I've been struggling with this for over an hour now and I still have no good results, the question is as follows:
What's the probability of getting all the numbers from $1$ to $6$ by rolling $10$ dice simultaneously?
Can you give any hints or solutions? This problem seems really simple but I feel like I'm blind to the solution.
The way I see this problem, I'd consider two finite sets, namely the set comprised by the $10$ dice (denoted by $\Theta$) and the set of all the possible outcomes (denoted by $\Omega$), in this particular situation, the six faces of the dice.
Therefore, the apparent ambiguity of the problem is significantly reduced by considering all possible mappings of the form $f:\Theta \mapsto \Omega$ that are surjective. Why exactly surjection ?

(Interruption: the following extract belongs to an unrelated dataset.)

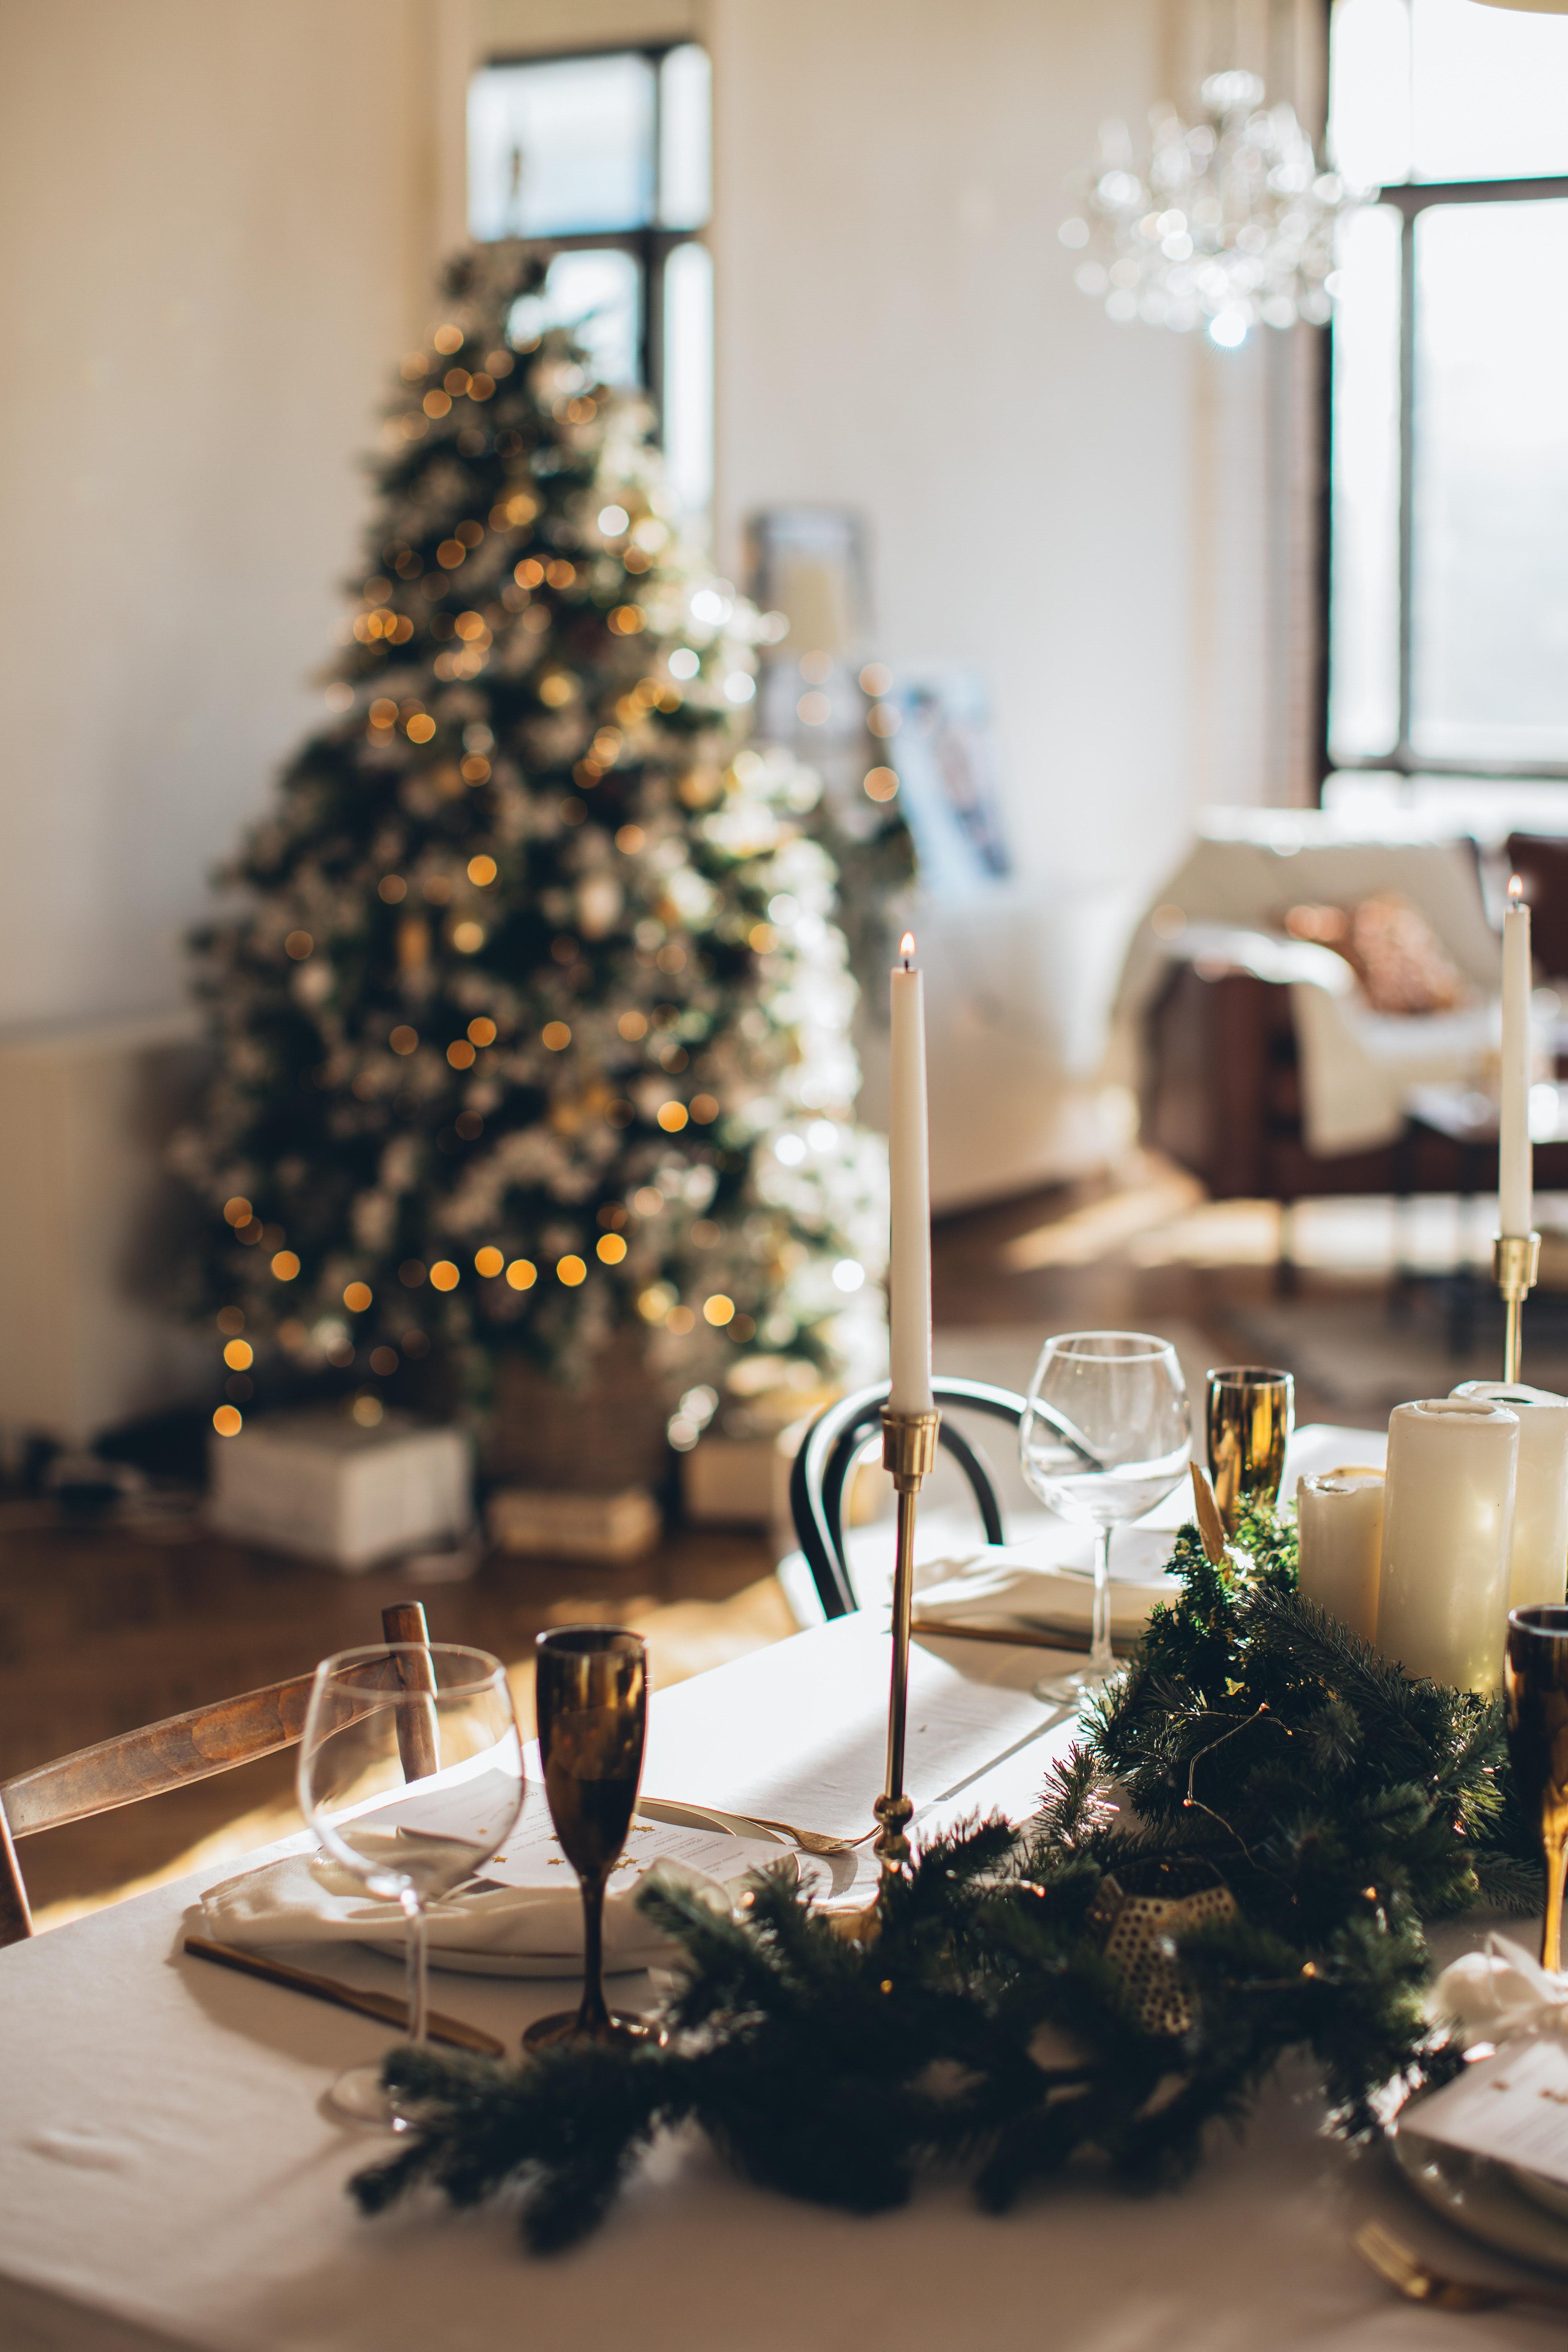 Inspiratie sfeervol tafelen tijdens kerst. Met mooie items waarbij de tafelzetting geheel in feest stemming is.

Recall that the definition of surjection implies that all values in the codomain must be hit at least once through the mapping of elements in the domain of the function. Under the circumstance, it's exactly what we're interested in, since we want to exclusively count all instances in which all the possible $6$ faces appear .
The number of surjective mappings can be found using the following identity :
$$m^n - \binom {m} {1}(m-1)^n +\binom {m} {2}(m-2)^n-\binom {m} {3}(m-3)^n + \cdots $$
(where $m$ denotes the number of elements in $\Omega$ and $n$ the number of elements in $\Theta$ ).
Let $A$ represent the happy event, given the facts I've presented you should be able to get: $$Pr(A)=0.27$$
Hint:
If $X_{i}$ denotes the number of dice that show face $i$ then it equals:
$1-P\left[X_{1}=0\vee X_{2}=0\vee X_{3}=0\vee X_{4}=0\vee X_{5}=0\vee X_{6}=0\right]$
Now apply inclusion/exclusion.
edit:
It leads to:$$1-\binom{6}{1}\left(\frac{5}{6}\right)^{10}+\binom{6}{2}\left(\frac{4}{6}\right)^{10}-\binom{6}{3}\left(\frac{3}{6}\right)^{10}+\binom{6}{4}\left(\frac{2}{6}\right)^{10}-\binom{6}{5}\left(\frac{1}{6}\right)^{10}=\frac{38045 }{139968}$$